Leaving the pictures aside, return the listing exactly as it appears.

:: Recorded data ::
────────────────────────────────────────
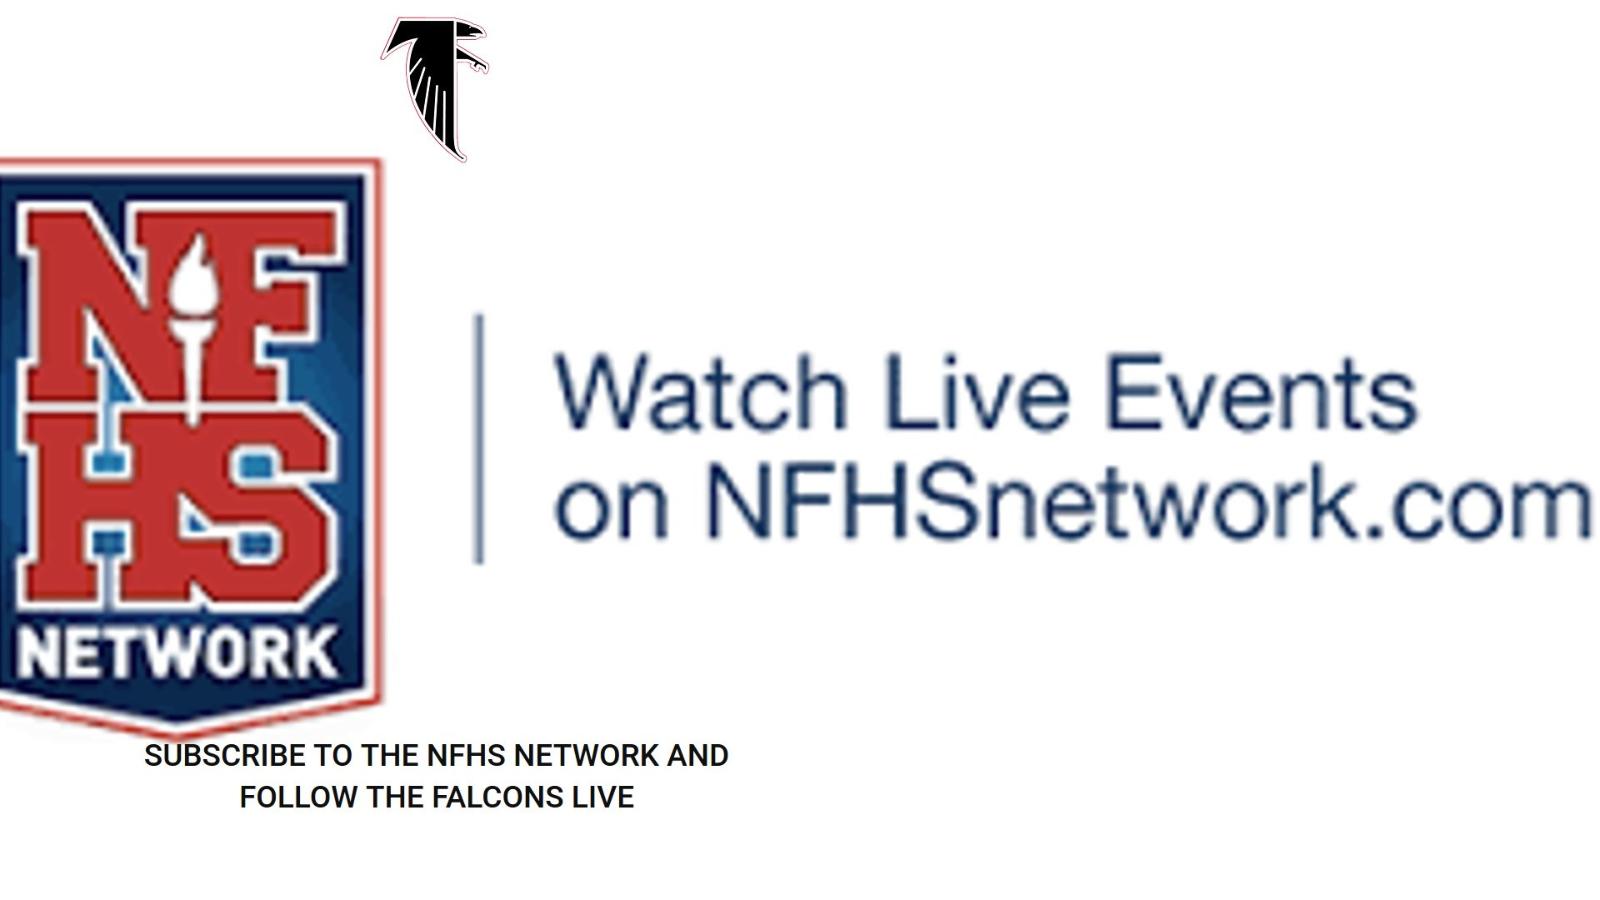 Live Stream all Firelands High School Home Games
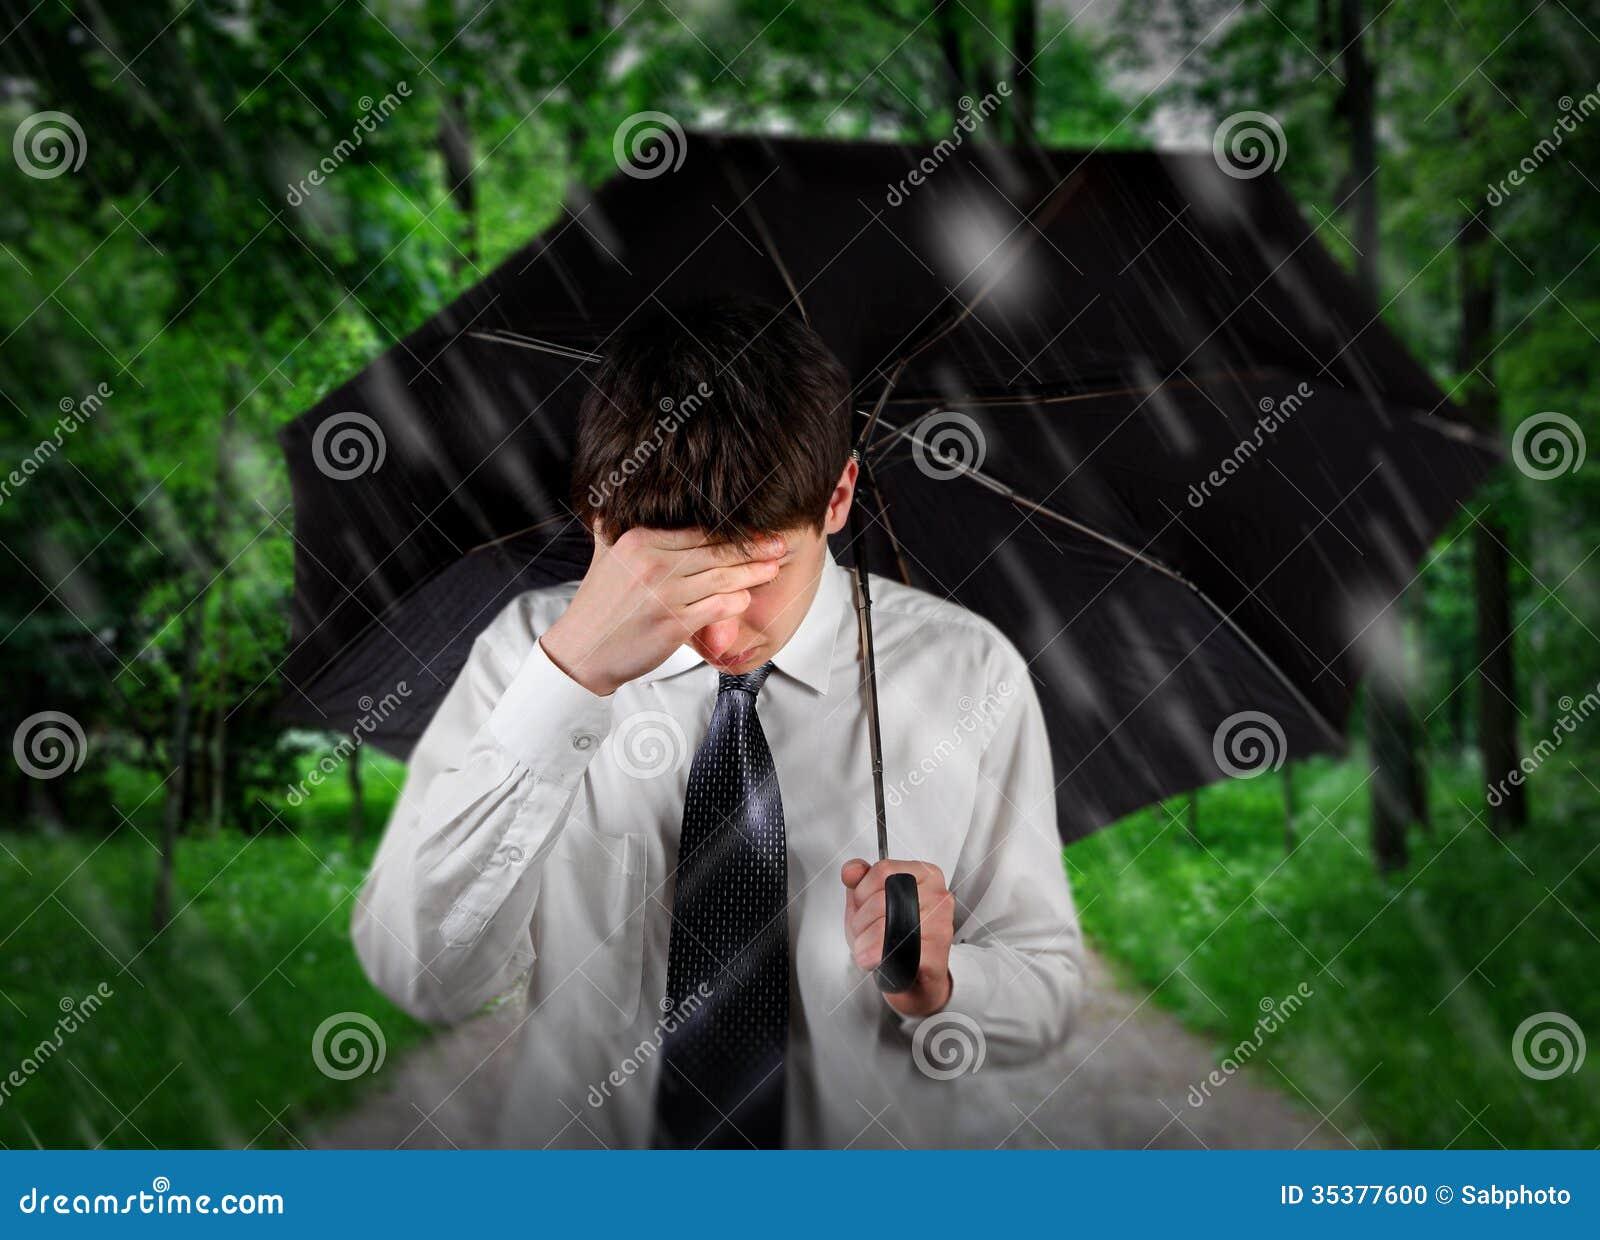 Sad Man Under Rain Stock Photo - Image: 35377600
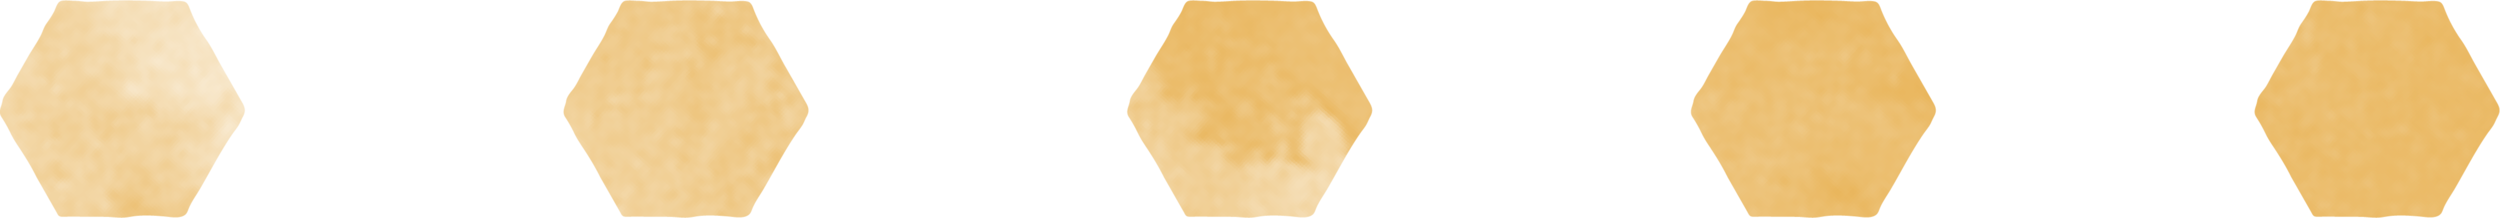 hexagon_dot_watercolor_pattern_yellow.png
────────────────────────────────────────
:: Problem solution ::
 Live Stream all Firelands High School Home Games
 Sad Man Under Rain Stock Photo - Image: 35377600
 hexagon_dot_watercolor_pattern_yellow.png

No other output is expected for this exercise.